Il sequestro riguarda il piano interrato e il piano terra dell’edificio, circa 150 metri quadrati ciascuno, originariamente destinati ad attività commerciale o produttiva. Le aree esterne, complessivamente circa 4.500 metri quadrati, erano state impropriamente trasformate in parcheggio e zone di preghiera.

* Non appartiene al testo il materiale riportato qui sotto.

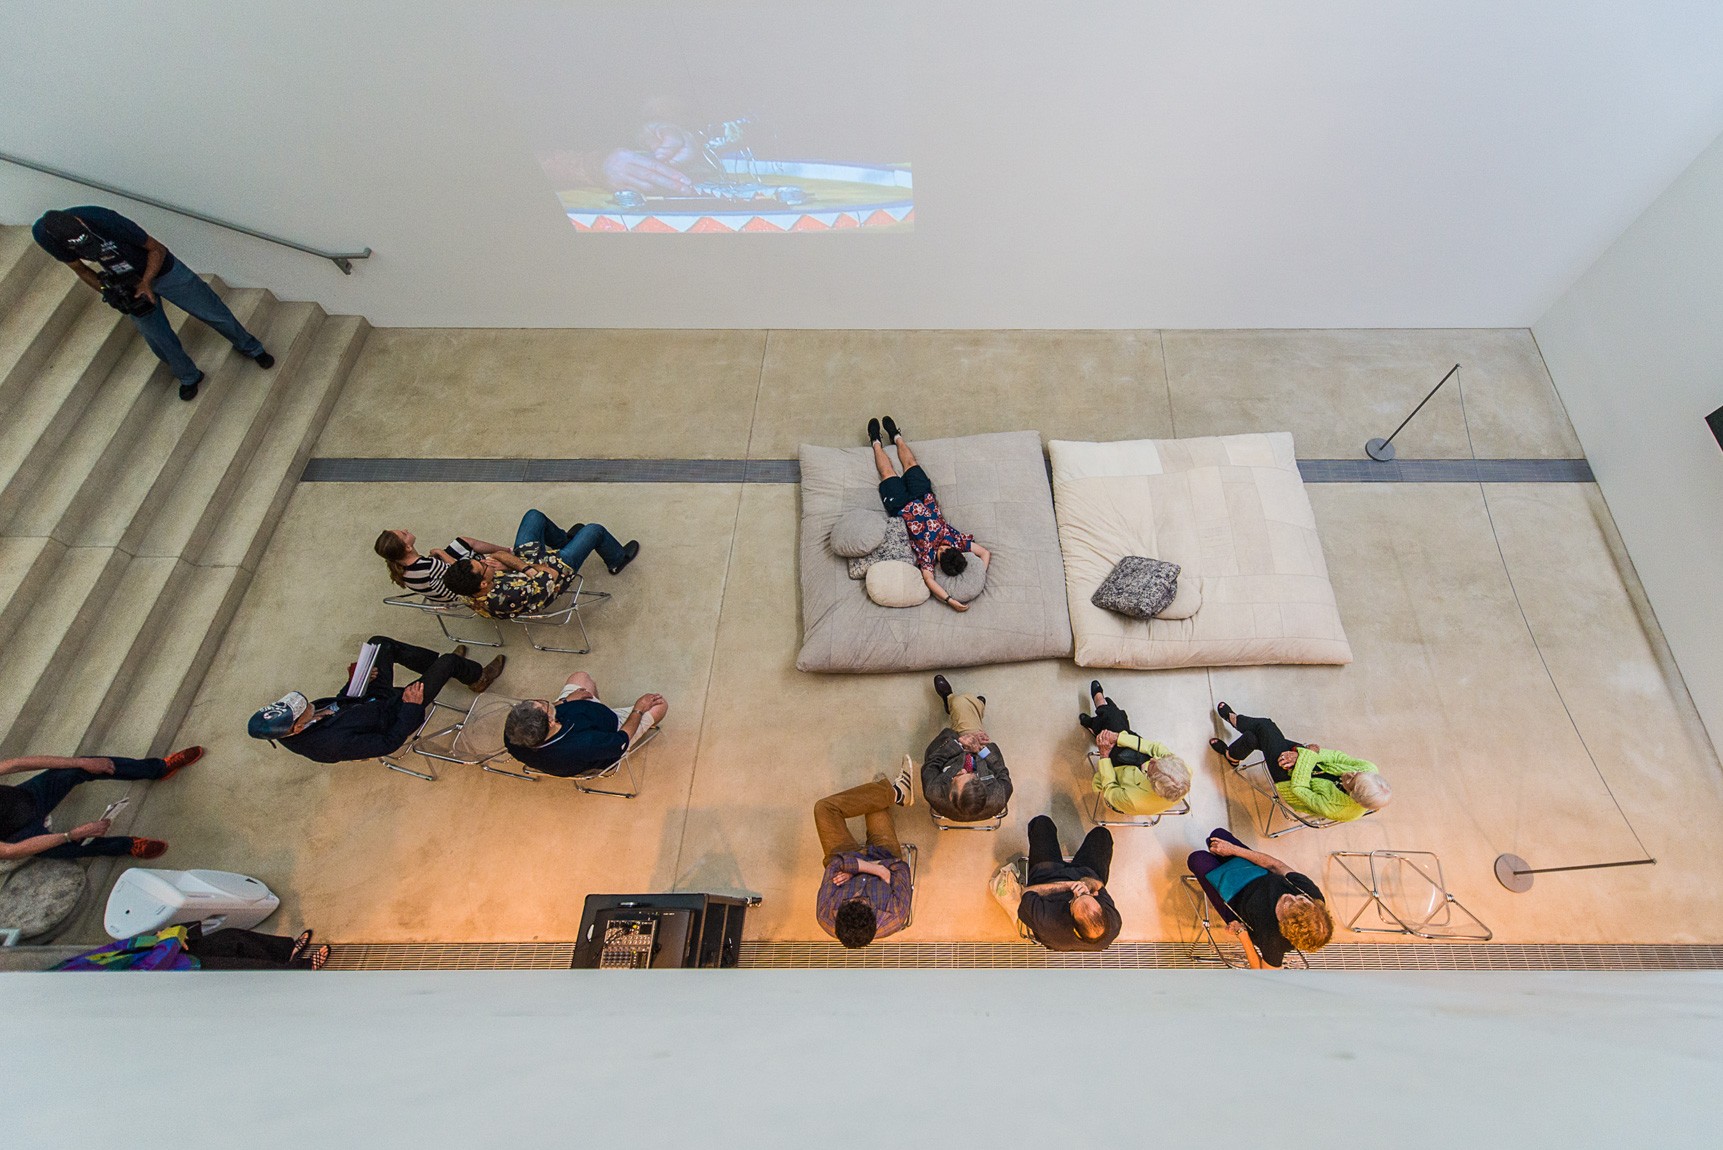 An aerial view of an audience watching a film projected on the wall of the Lower-Main Gallery.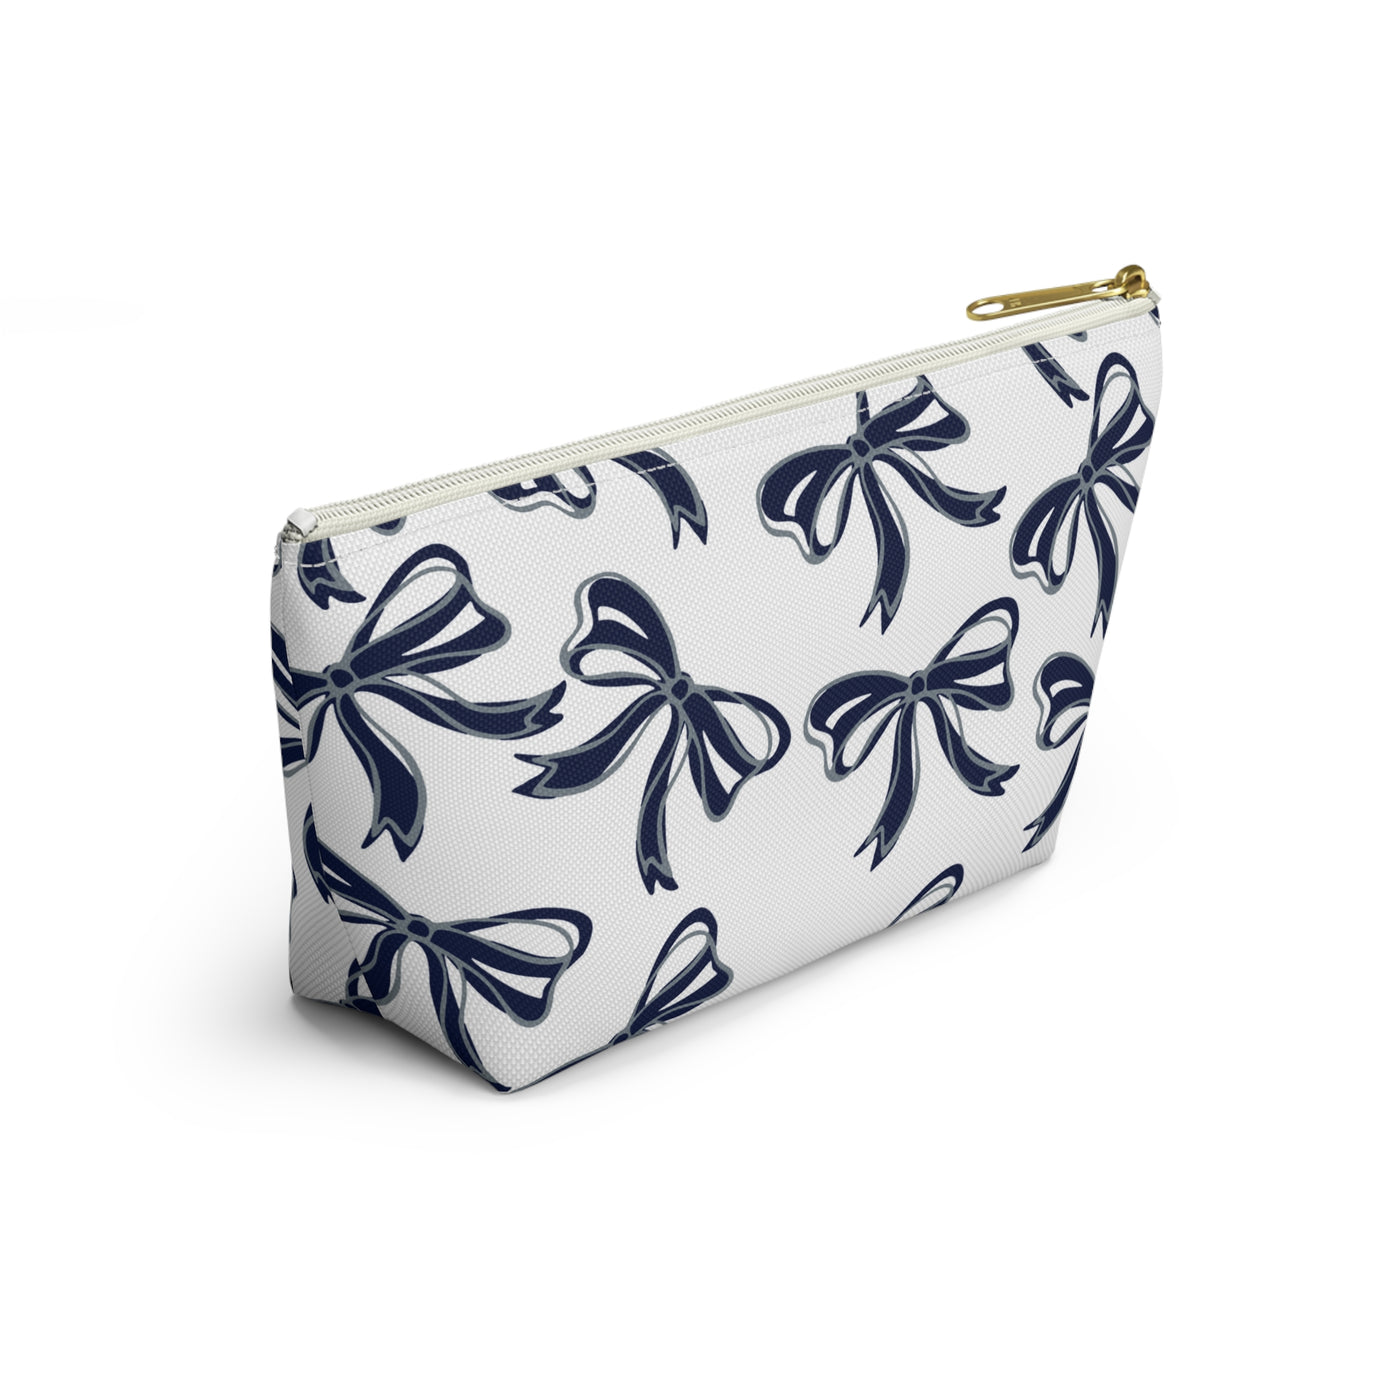 Trendy Bow Makeup Bag - Graduation Gift, Bed Party Gift, Acceptance Gift, College Gift, Monmouth, UConn, Huskies, navy & white,navy and grey

L’intervento si è reso necessario principalmente per due motivi: il cambio illecito di destinazione d’uso e la mancanza dei requisiti di sicurezza, che rappresentavano un grave rischio per l’incolumità pubblica, soprattutto in caso di emergenza o evacuazione.

Il sindaco Nello Donnarumma ha spiegato: «Questo atto tutela la sicurezza di tutti: cittadini, territorio e fedeli. Non possiamo permettere che centinaia di persone si radunino in spazi privi di uscite di sicurezza, collaudi statici o certificazioni antincendio».

Dopo il sequestro, il primo cittadino ha sottolineato la necessità di rispettare la legge senza limitare la libertà religiosa, invitando le comunità presenti sul territorio a dialogare con l’amministrazione per trovare soluzioni sicure e regolari per lo svolgimento delle attività spirituali.

L’episodio è stato presentato come un’occasione per avviare un confronto trasparente e costruttivo, garantendo la sicurezza senza ledere i diritti costituzionali dei fedeli.